As a self-described “recovering college counselor,” I have worked with hundreds of seniors over my career, guiding them through the increasingly challenging admission process. I love the process, although as my older son reminded me, “dad, just so you know, this was a whole lot more fun for you than it was for me.” He admonished me to abandon my favorite description of the ordeal as “a wonderful process of self-discovery.”
I was certain that my days of seeing the process from the parent side of the desk was over, since my sons are 30 and 33 years old. But, as one of the baseball heroes of my youth, Yogi Berra, so inimitably put it, “it’s like déjà vu all over again.”
My dear niece is a senior, and I had my first-ever Facetime college admission session with her recently. Alexandra doesn’t have a dad, and since we grew extremely close in our six years together at my former, and her current school, I’m squarely on the “other side of the desk” in this process.
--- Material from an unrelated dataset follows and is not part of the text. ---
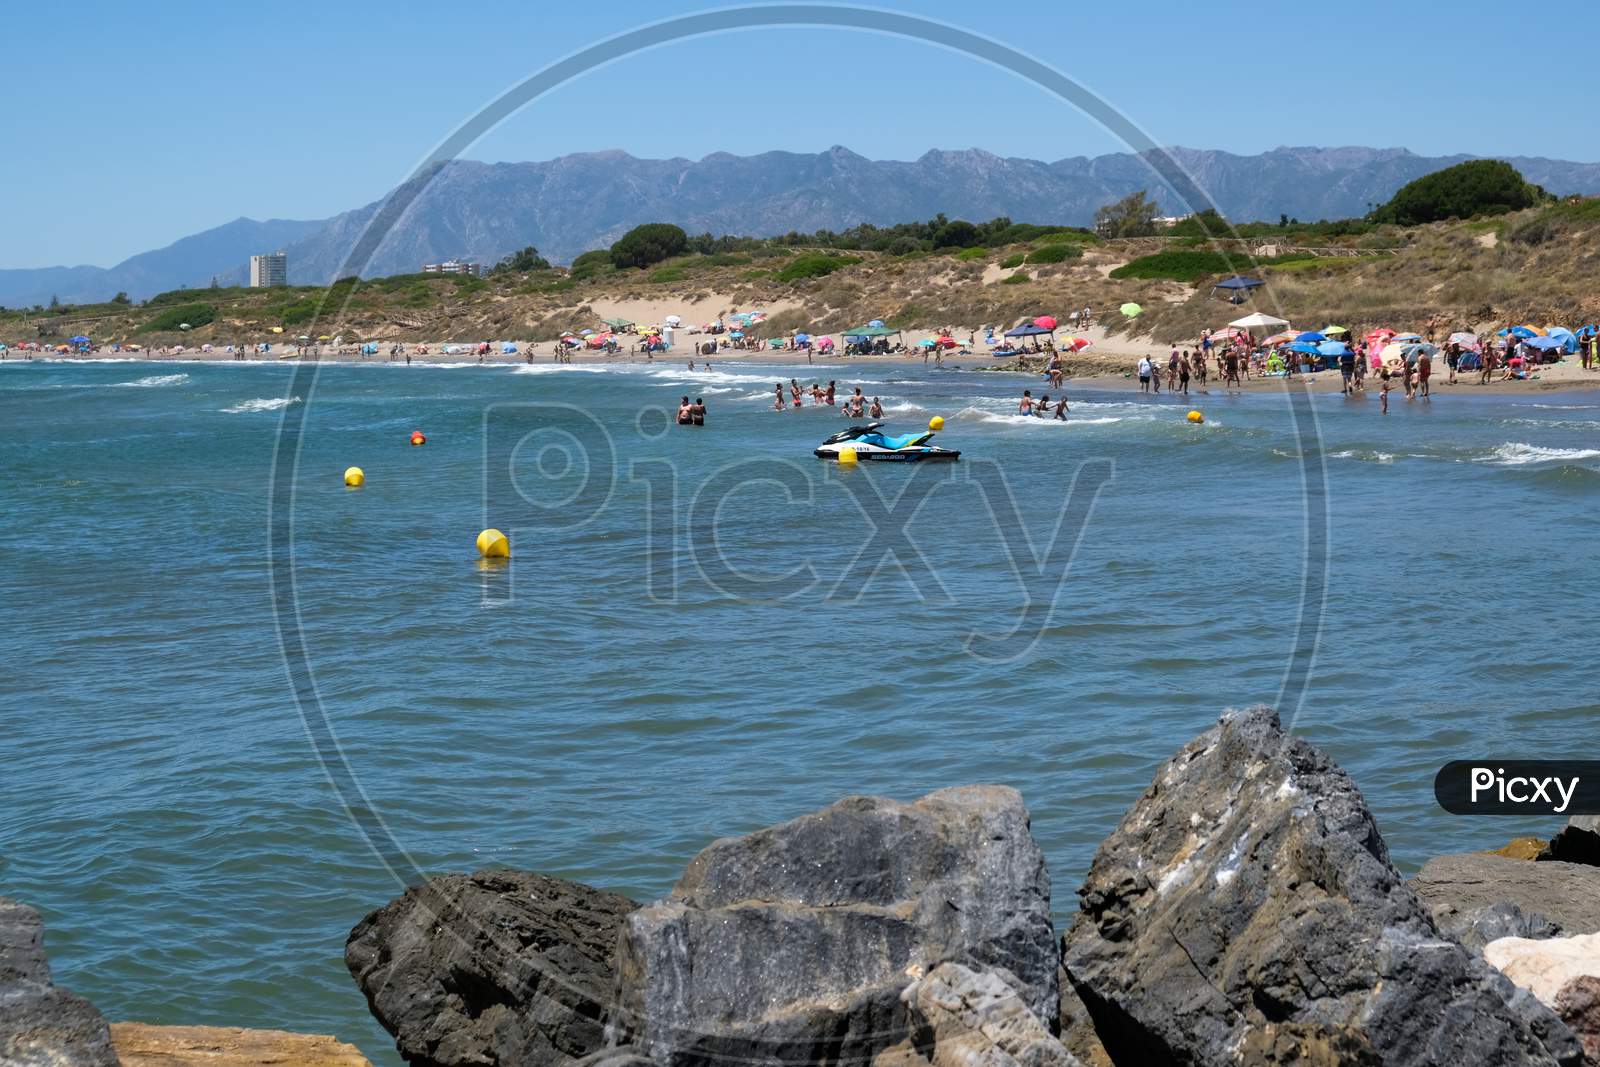 Cabo Pino, Andalucia/Spain - July 2 : People Enjoying The Beach At Cabo Pino Andalucía Spain On July 2, 2017. Unidentified People.

I will celebrate her acceptances and grieve with her over the denials that the process almost guarantees just as if she were my daughter,
But being back in quasi-parent mode has raised two perennial questions: (1) is college worth the price tag; and (2) liberal arts or career-track. Both are a little more philosophical for me this time around since the one part of the process that won’t fall to this “parent” is the tuition statement.
Spoiler alert: my answers are “absolutely” and “absolutely liberal arts.”
I won’t resort to trotting out the annual recitation of total annual income by education level, but the large sample of that survey trumps (is that word still ok to use?) the individual billionaire college dropouts that critics of investing in a four-year degree routinely cite. In addition to increasing one’s lifetime income, I cannot imagine a more formative, influential four-year period. Managing relative independence, trying on new personas, being part of a community – it would be difficult to recreate that experience.
I will concede that getting that first job is easier for an aeronautical engineering or accounting graduate. However, having been on a narrow track for the first two of my four years of college, I am so grateful that things opened up in years three and four. I did not even know what psychology was before my junior year of college, and after 15 credits, I wished that I had the luxury of doubling my major. Philosophy, logic, music appreciation – all of these courses have had a positive impact on my life.
My niece was spared all of this. We were too busy honing her list of 16 colleges to an “almost manageable” list of 11 to which she will apply. While this process is stressful for students and parents, much to my eldest’s chagrin, I still maintain there is significant opportunity for self-discovery, and more than ever, I value the growth afforded by a liberal arts education.